Last updated: 24 Jul, 2023

Variety is the spice of life. However, in this modern, globalised age, are we too spoiled for choice? With a world of cuisines at our fingertips, have we lost touch with how we should truly be eating? Advocates of the ancestral diet believe we have.

The key to improving our quality of life may be to give modern foods a miss and copy the ancestral eating patterns of 500 years ago. Before the distinction between ultra processed, processed and organic foods, there was just food. Nutrient dense, locally grown and free of pesticides, our ancestors ate very differently to how we do today. But do the diets of the past still make sense for us today?

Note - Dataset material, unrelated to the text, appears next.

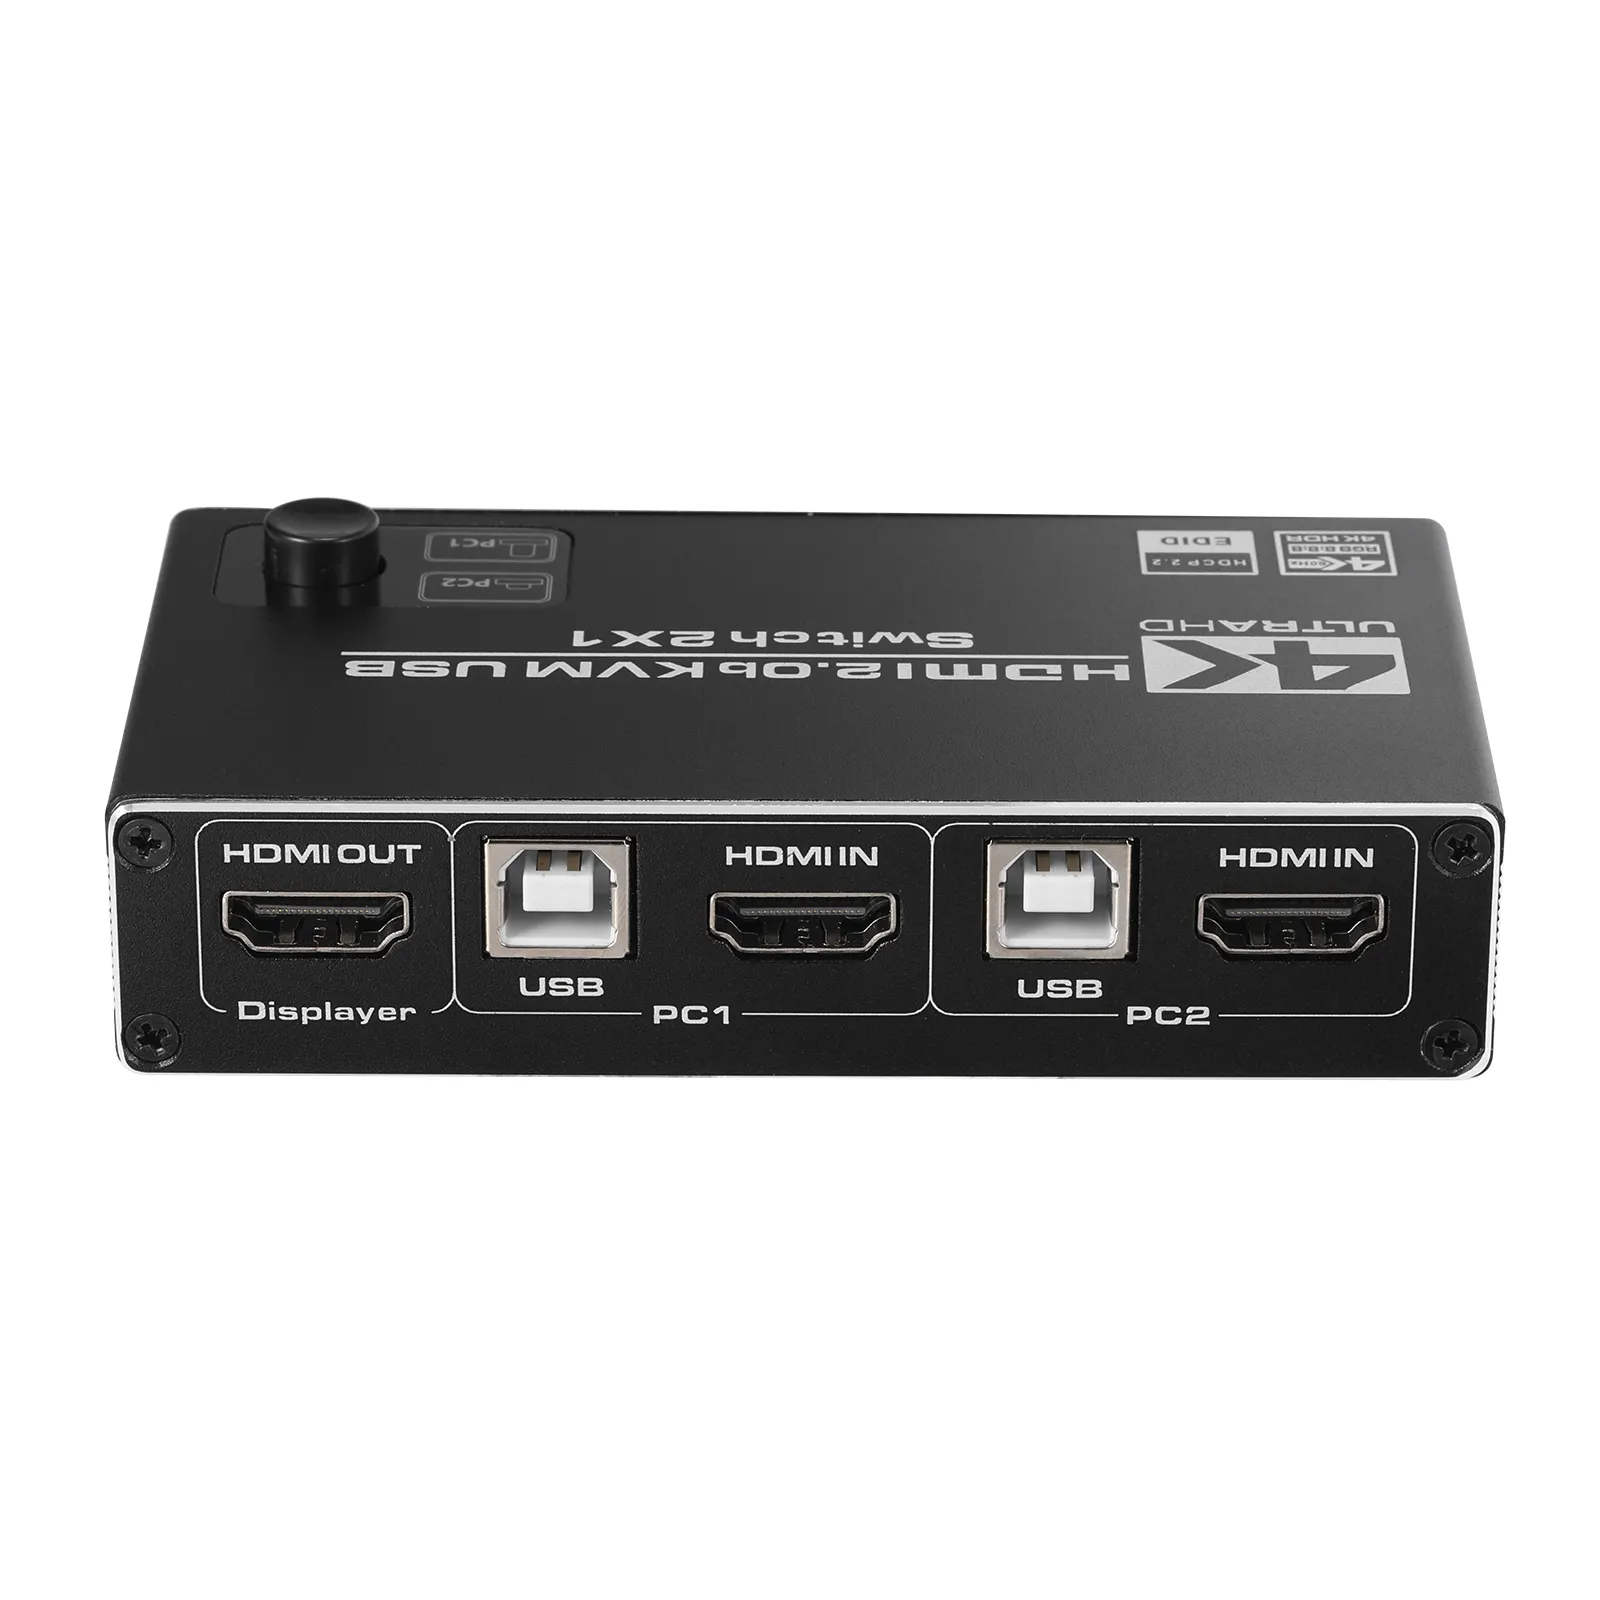 2 पोर्ट यूएसबी HDMI KVM स्विच 4K @ 60Hz आरजीबी/YUV एचडीआर HDMI 2.0 स्विचर 2X1 समर्थन कीबोर्ड और माउस प्रिंटर

What is the Ancestral Diet?

The ancestral diet can take many forms. It is non-specific, unlike the keto diet for example, which prescribes specific low carbohydrate and macronutrient consumption. Instead, it is individual to each in a different way. The common focus between each person's ancestral diet plan is that it focuses on the locality, seasonality and cultural heritage of food. For example, someone from cold Norway may consume more meat, dairy and healthy fats. Whereas someone from warm Mexico may consume more grain, legumes and vegetables. Rather than emphasising what you should eat, it more so emphasises what you should avoid.

These namely being:

  • Refined grains
  • Refined sugar
  • Processed soy products
  • Artificial flavours, sweeteners and colourants
  • GMO’s (genetically modified foods)
  • Additives and preservatives
  • Industrial seed oils (including canola, soybean and margarine)

And in general, recommending eating more:

  • Organic meats, poultry, eggs and dairy products
  • Seasonal fruit and vegetables
  • Fermented foods (eaten often by our ancestors due to their long storage life) - high in vitamin k2
  • Wild seafood
  • Unrefined fats
  • Ancient grains (including wheat, legumes, rice, beans and barley)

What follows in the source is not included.